Expect the U.S. Supreme Court to strike down a controversial part of the Affordable Care Act but to leave the rest of the law in place, Dr. Lanhee Chen told Free the Facts last night at its fourth virtual policy event of the fall.
Today, the Supreme Court heard oral arguments in the seventh and latest case concerning the ACA to come before it, California v. Texas. And last night, Dr. Chen, the chairman of Free the Facts’ Policy Advisory Board, gave the audience a primer on what the case is about and how its outcome could shape the future of America’s health care system.
The case centers on one of the most contentious aspects of the ACA: the requirement that every American have insurance coverage, or what’s known as the individual mandate.
Ever since President Obama signed the ACA into law in 2010, the individual mandate, which levies a penalty on those who don’t have health insurance, has been a point of contention between the two major political parties.
In 2012, the law’s opponents pinned their hopes on the first ACA case to reach the Court, The National Federal of Independent Businesses v. Kathleen Sebelius. The NFIB and 26 states argued that the individual mandate was unconstitutional because, in their view, the Constitution did not grant Congress the power to compel Americans to buy health insurance.
But the NFIB went further. It pointed out that, because the ACA required health insurers to provide coverage to people with pre-existing conditions, its advocates had argued that the individual mandate was essential to the law. Without the young and healthy paying in, its risk pools would soon run out of money. Therefore, the NFIB argued, if the Court struck down the mandate, it would have to throw out the whole law with it.
In a 5-4 decision, the Court disagreed. It decided that the mandate was, in fact, constitutional because in reality it was a tax.

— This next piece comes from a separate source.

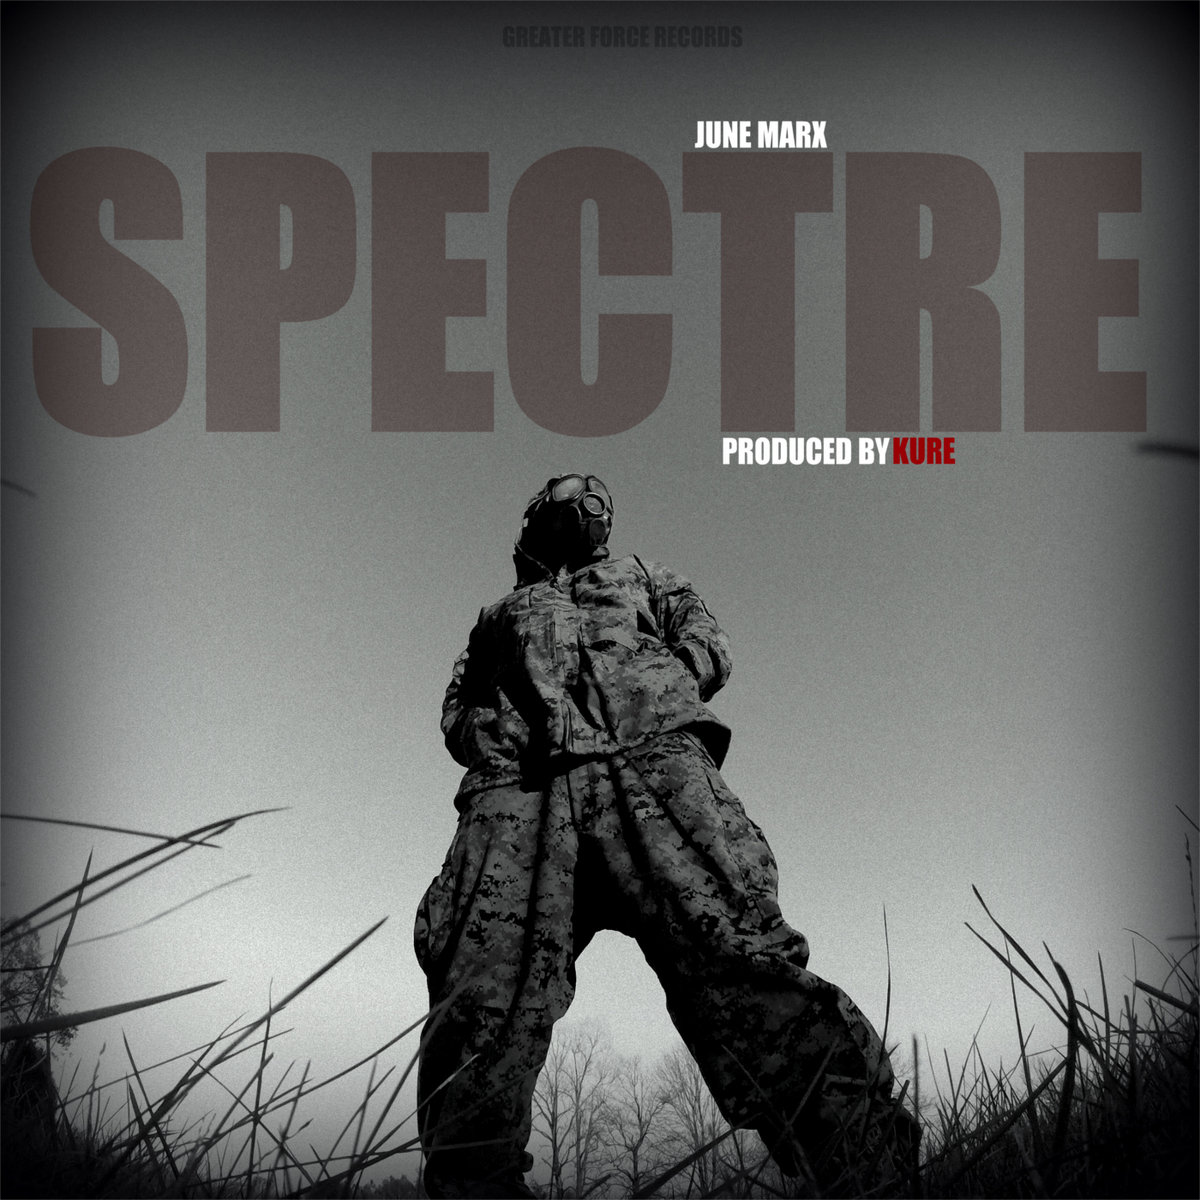 June_marx_-_spectre

But the argument over the mandate began anew five years later, when President Trump signed into law the Tax Cuts and Jobs Act of 2017. The law dropped the penalty for not having health insurance to zero, which raised the obvious question: Can the mandate really be considered a tax if it couldn’t possibly raise any revenue?

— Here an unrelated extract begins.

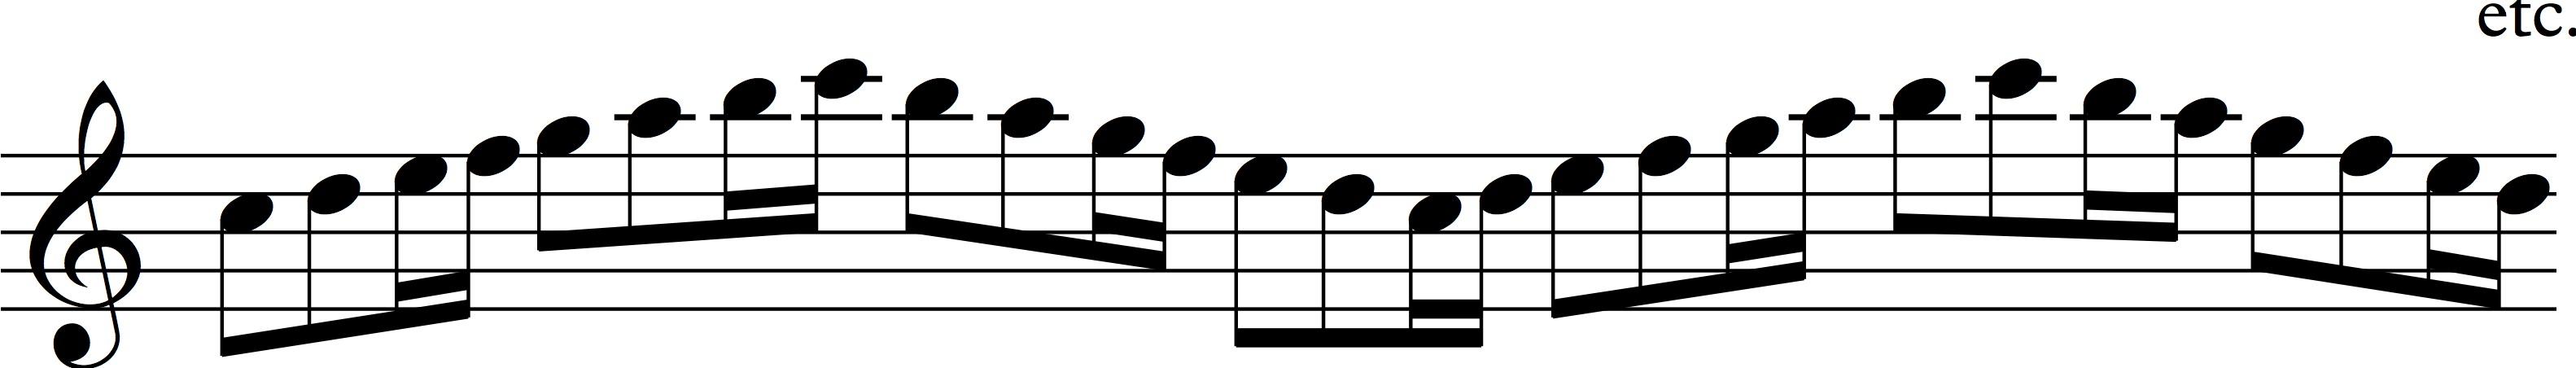 Scale 3 rhtyhm 3.jpg

It was this argument that 20 states, led by Texas, used in a new case against the ACA. Since the Trump administration decided to side with Texas, 17 states, led by California, then took up the cause of defending the ACA. And now the competing cases have been consolidated into California v. Texas.
Dr. Chen told the audience the case raises three important questions: First, if the penalty is zero, can the individual mandate still be considered a tax? Second, if it is not a tax, is the individual mandate unconstitutional? And third, if the mandate is unconstitutional, can the rest of the ACA still stand?
The theory that if the mandate is unconstitutional, the entire law must go is, Dr. Chen noted, “a little bit dubious” because the Court has long adhered to what’s known as the doctrine of “severability.”
“In general, Congress wants its laws to continue, and the courts want to respect or have deference for Congress and the fact that they generally want to see statues saved,” Dr. Chen explained. Under the doctrine of severability, “you try to cut out the part of a law that doesn’t work.”
“If we apply that to California v. Texas,” he added, “the prevailing wisdom is the Supreme Court is going to cut out the individual mandate” and leave the rest of the law intact.
There’s also been a major shift in thinking among the law’s opponents, Dr. Chen noted. The ACA has been “the law of the land for 10 years,” and it would be “very disruptive” to get rid of it in its entirety.
Instead, more and more health care experts believe, “You have to think about ways to improve the health care system in the context of what we have... how do you make the system work better and take the things that aren’t working and improve them?
And however the Court rules, one thing is certain: The debate over the future of America’s health care system isn’t going to end anytime soon.